The replication crisis is about scientists finally waking up and thinking replication is important. Psychology never had a culture that valued replication.
FYI the SF Bay Area is in Northern California.
Oops! Fixed.
First of all, it can’t possibly be bad epistemics for Congress to form the House Un-American Activities Committee[1]. Whatever you think was bad about this, it wasn’t epistemics, since epistemics is about having correct beliefs. Taking an ill-advised action isn’t bad epistemics (no matter how bad it may be in other ways).
In any case, I was responding to the part of your comment which I quoted in mine. There is, perhaps, some very literal and very generous interpretation of the words “nation-spanning network of terrorist organizations that target minorities/homosexuals/etc” under which the KKK (and associated groups) qualifies. But under any common-sense reading of the words, the claim just does not fit the facts.
Insofar as there is a continuum of how justified is the response to some threat, judged only on the basis of how serious the threat itself is, the justification of social justice by the alleged threat of the KKK is, indeed, more plausible than the justification of the Satanic Panic by the alleged threat of child-sacrificing devil worshippers, since, as you say, there were none at all of the latter. Yet compare both of these things to the justification of HUAC by the threat of Soviet espionage, and it’s clear that both of the former pale into utter insignificance; if one is “actually entirely unjustified” and the other is “almost entirely unjustified”, that is a distinction such as makes no difference.

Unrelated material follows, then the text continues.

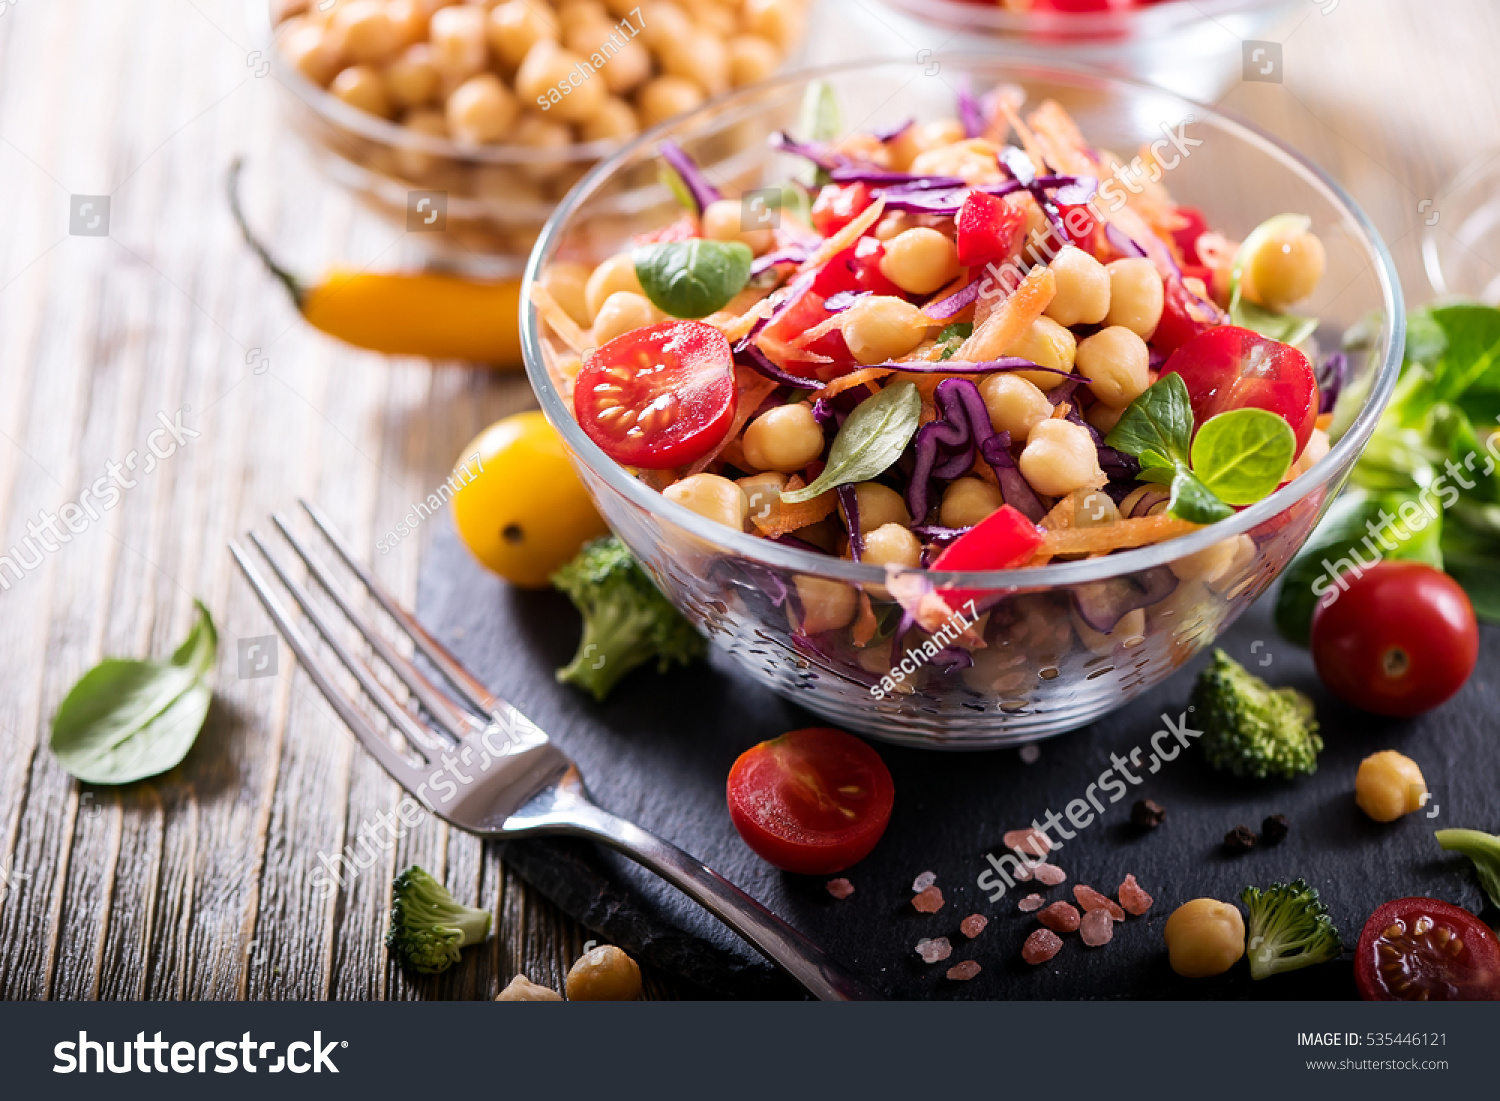 Healthy homemade chickpea and veggies salad, diet, vegetarian, vegan food, vitamin snack #535446121

It’s worth noting that “blacklist[ing] people from working in television for supporting labor unions” was not HUAC’s function; the blacklist was a measure taken by the Hollywood film studios, and had no legal force whatsoever.
In all of of the cases of silencing/canceling I’ve seen/read (with the caveat that I may have a faulty memory), including the 4 that I gave in the OP, none of the people being silenced/canceled have any remotely plausible connection to white supremacy groups or domestic terrorism, nor did those doing the silencing/canceling even accuse them of any such connections. Please correct me if I’m wrong, but this seems very different from what I’ve read about the Red Scares.
(An actually common accusation is “upholding white supremacy culture” but this “white supremacy” is very different from the “white supremacy” in “white supremacy groups”.)